WHAT THE TASK ASKS :: Print the lines that run from the line with "Kleiner Weihnachtsbaum in" to the line with "Ensemble de pots", keeping both end lines, exactly as they appear in the entries below, and nothing else.

GIVEN ENTRIES ::
-=-=-=-=-
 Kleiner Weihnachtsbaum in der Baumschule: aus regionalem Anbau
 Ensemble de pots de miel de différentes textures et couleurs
-=-=-=-=-
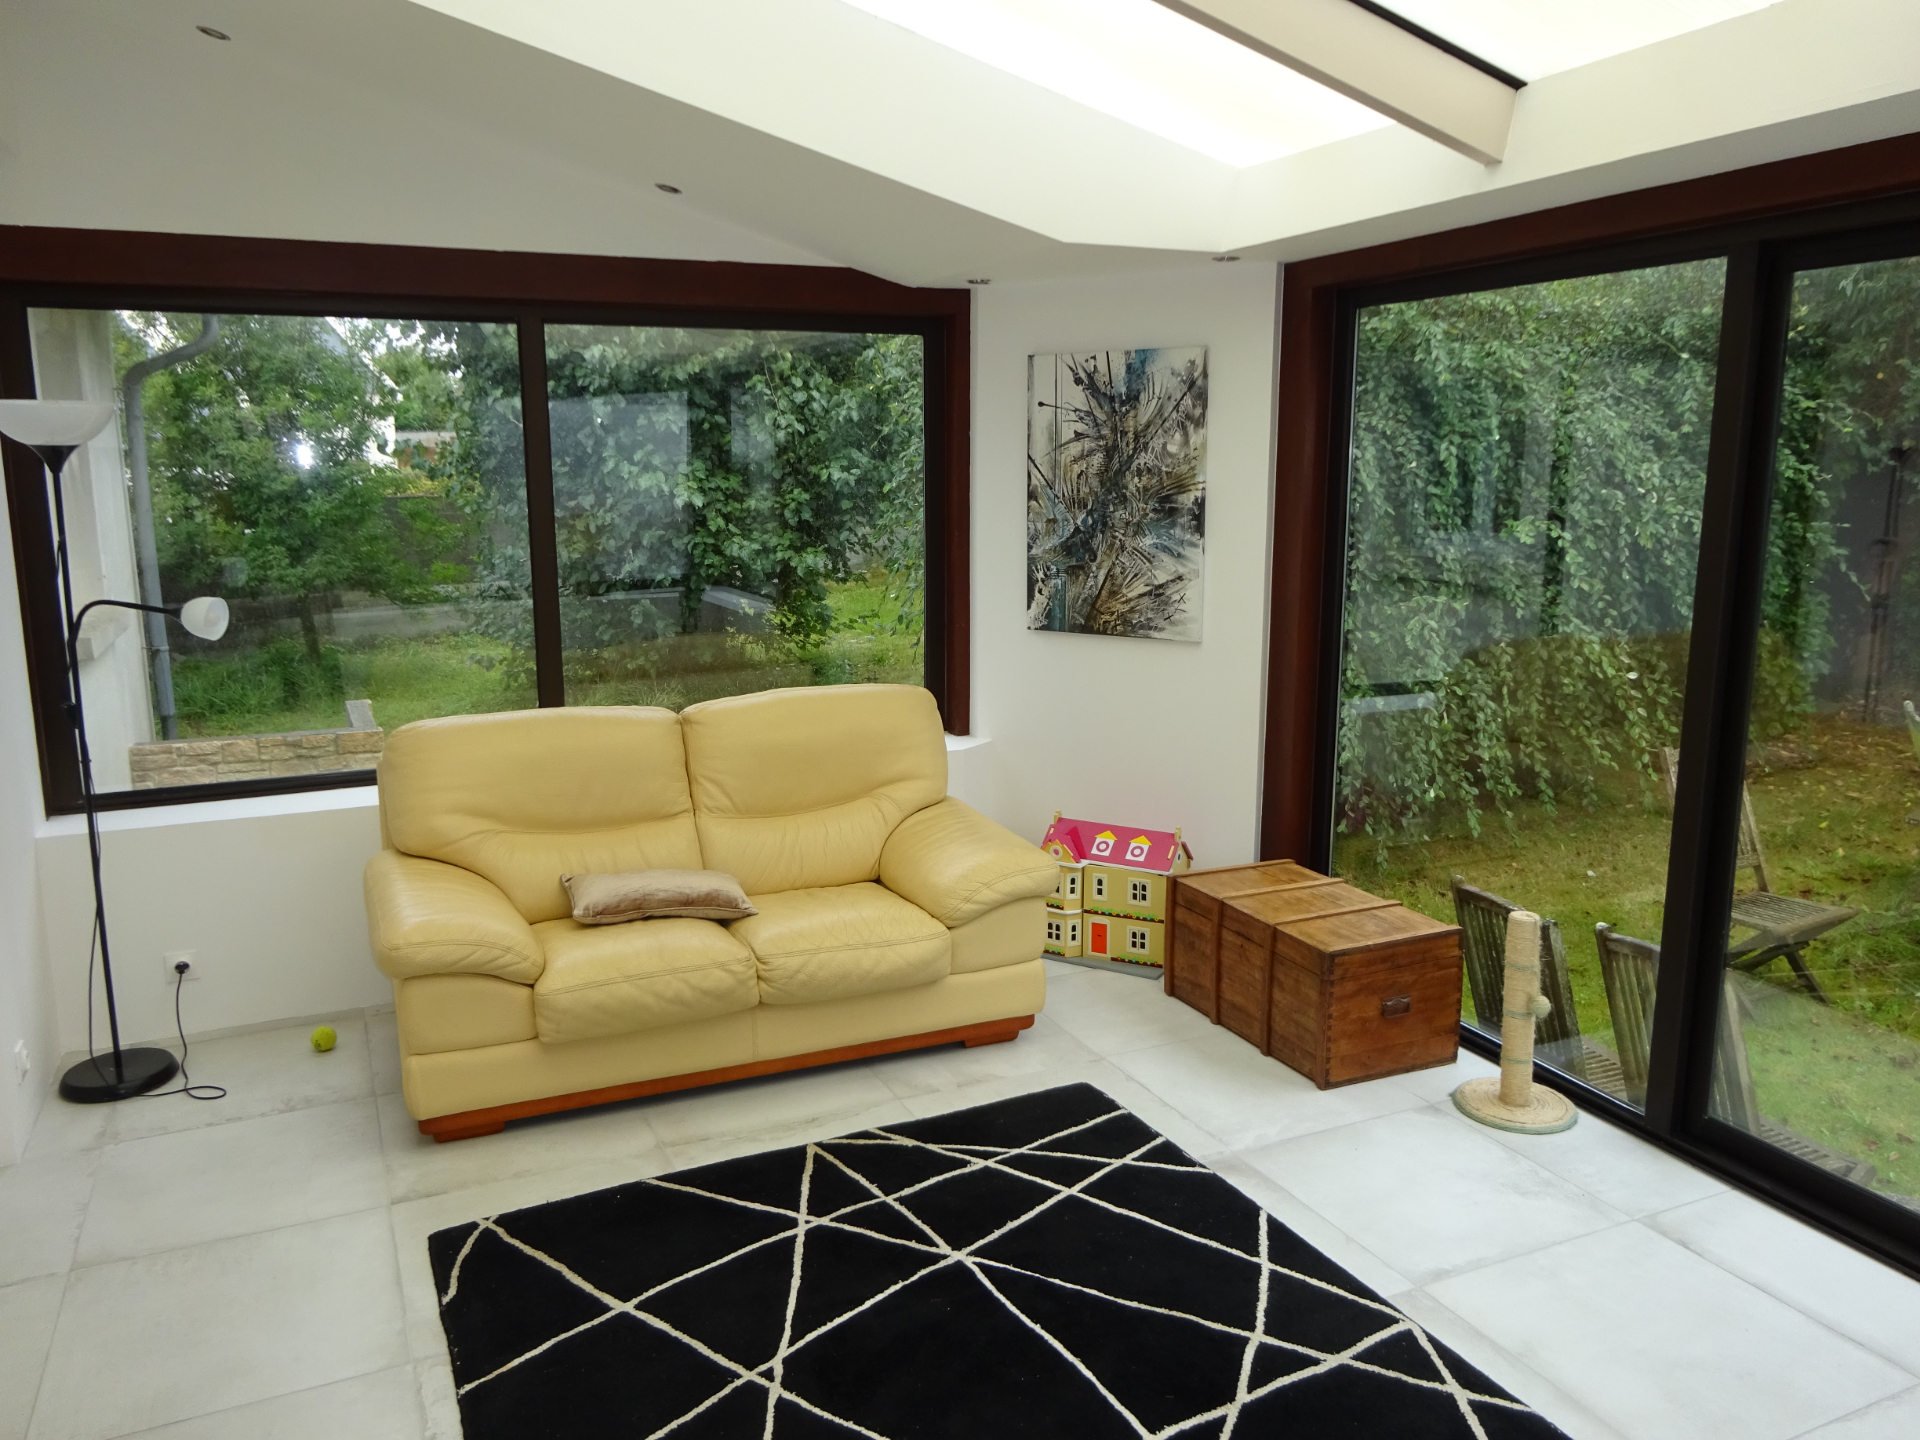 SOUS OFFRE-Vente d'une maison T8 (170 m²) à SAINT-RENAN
-=-=-=-=-
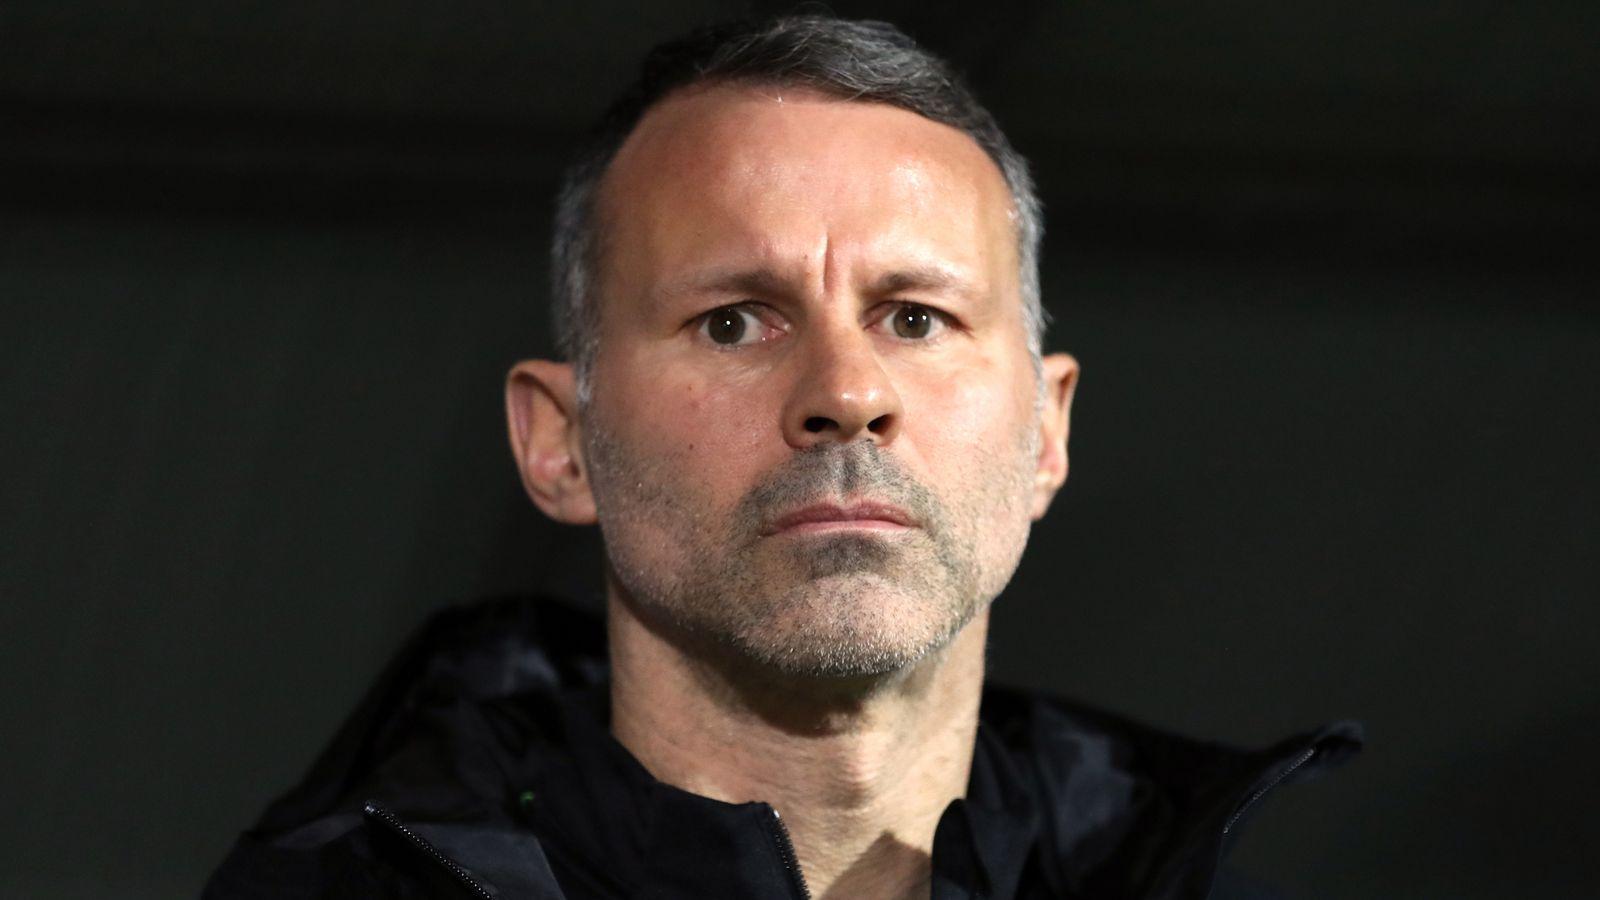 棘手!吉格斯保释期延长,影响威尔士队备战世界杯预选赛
-=-=-=-=-
TASK OUTPUT ::
 Kleiner Weihnachtsbaum in der Baumschule: aus regionalem Anbau
 Ensemble de pots de miel de différentes textures et couleurs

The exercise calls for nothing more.